PROVIDED MATERIAL ->
# # # #

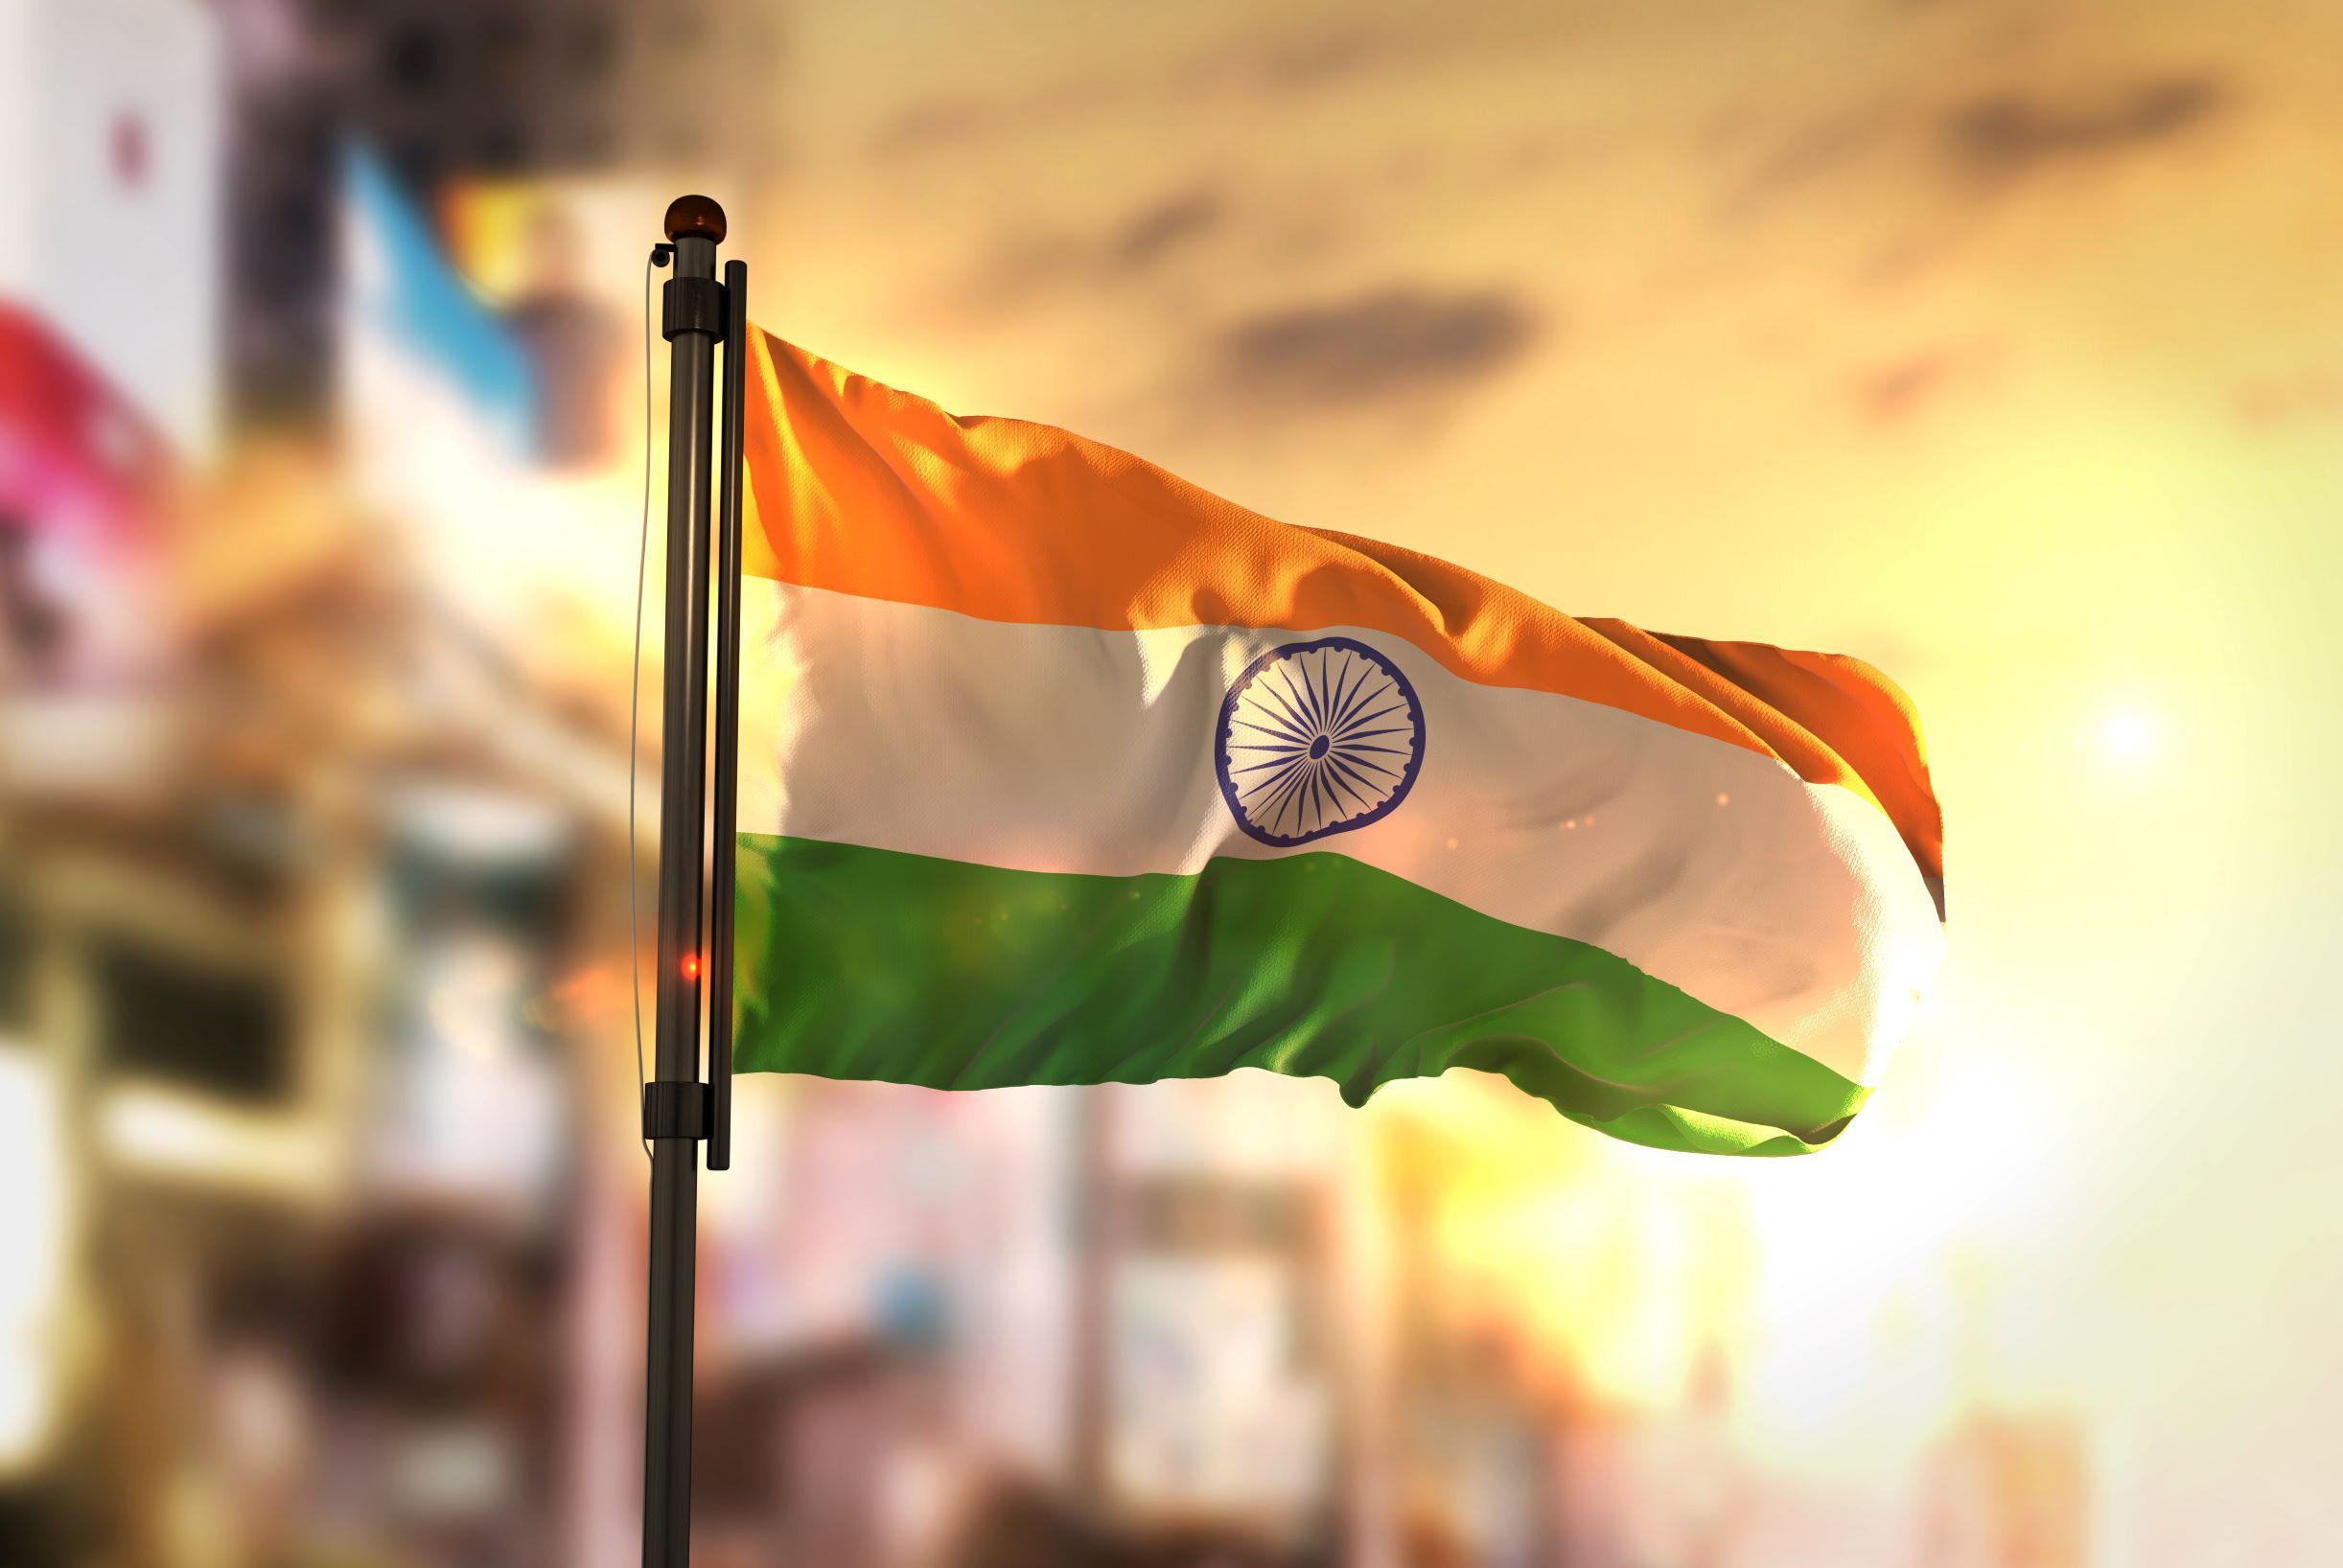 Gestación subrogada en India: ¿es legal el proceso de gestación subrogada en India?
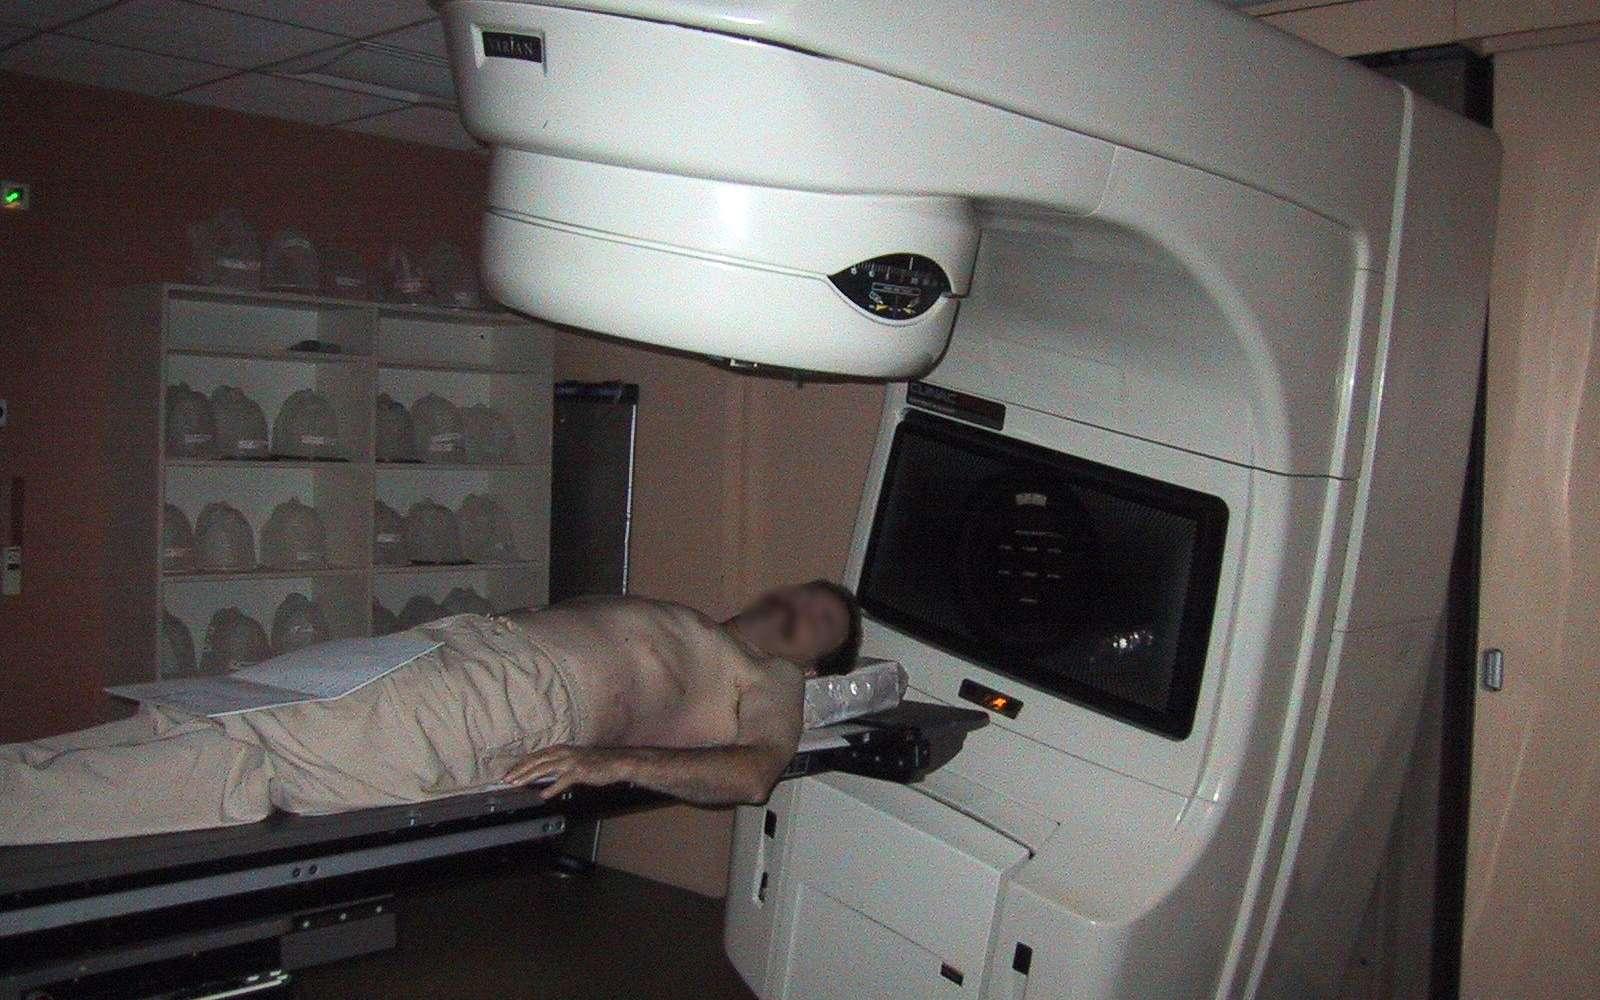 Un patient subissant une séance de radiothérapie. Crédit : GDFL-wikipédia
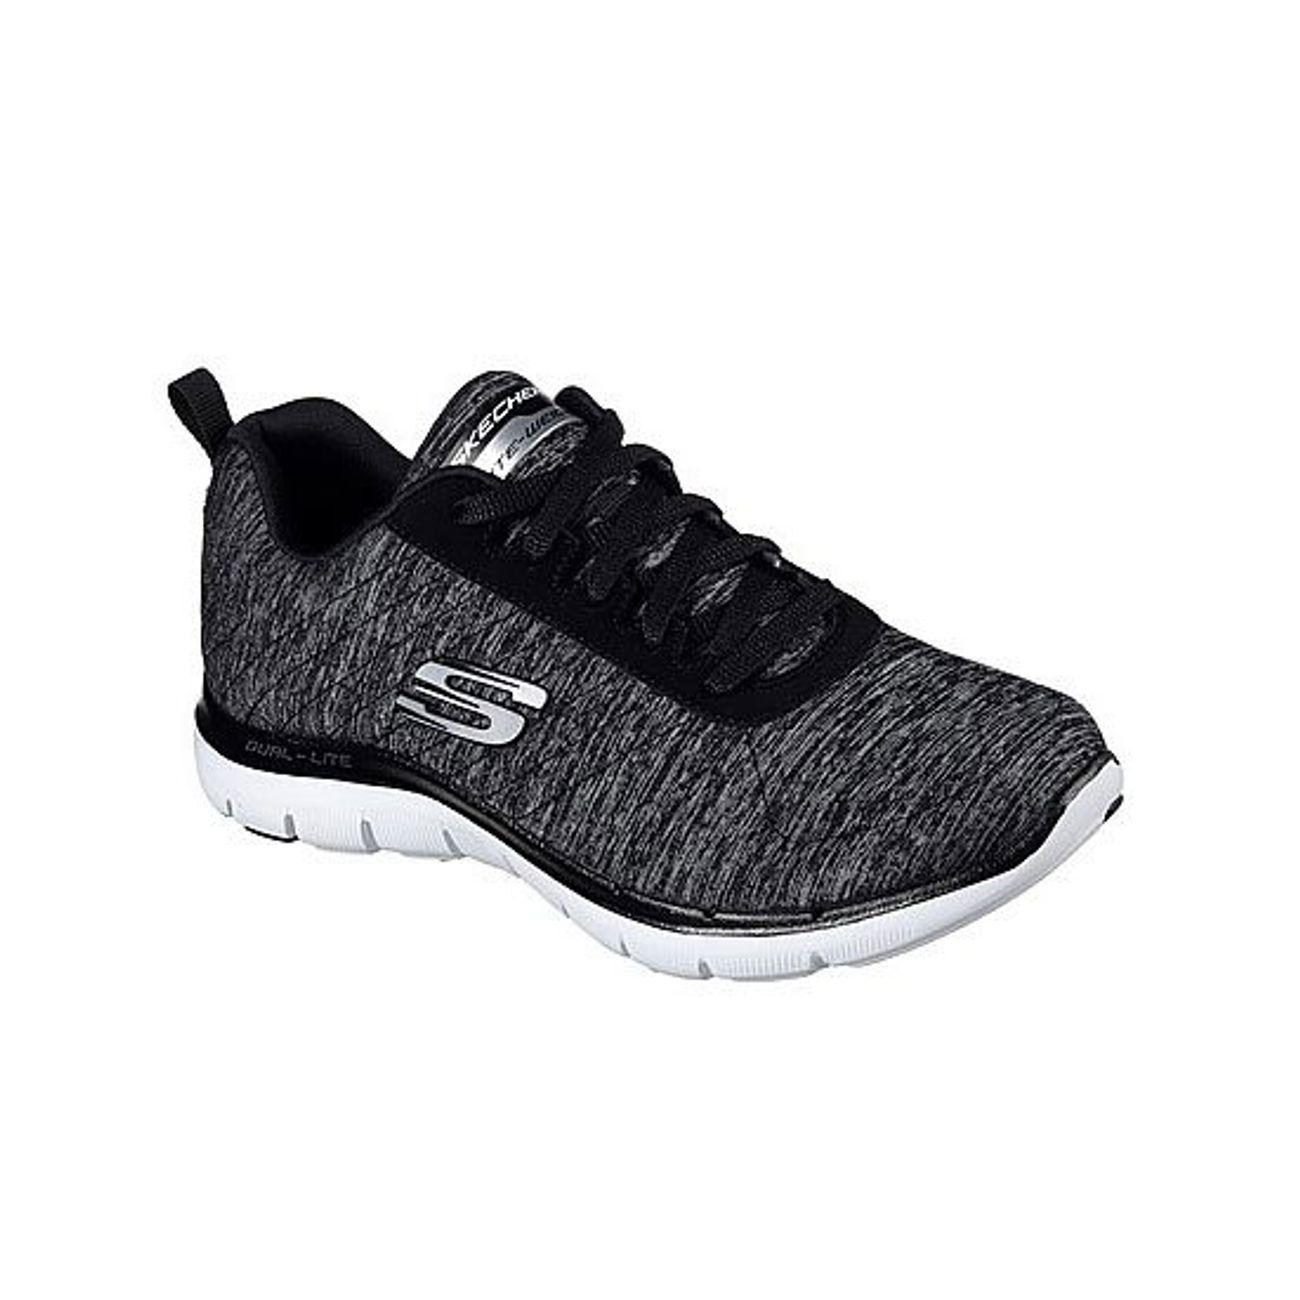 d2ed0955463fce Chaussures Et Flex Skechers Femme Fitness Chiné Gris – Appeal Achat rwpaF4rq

# # # #

WORK INSTRUCTION -> Restate the whole listing word for word. Omit the pictures.

FINISHED EXERCISE ->
 Gestación subrogada en India: ¿es legal el proceso de gestación subrogada en India?
 Un patient subissant une séance de radiothérapie. Crédit : GDFL-wikipédia
 d2ed0955463fce Chaussures Et Flex Skechers Femme Fitness Chiné Gris – Appeal Achat rwpaF4rq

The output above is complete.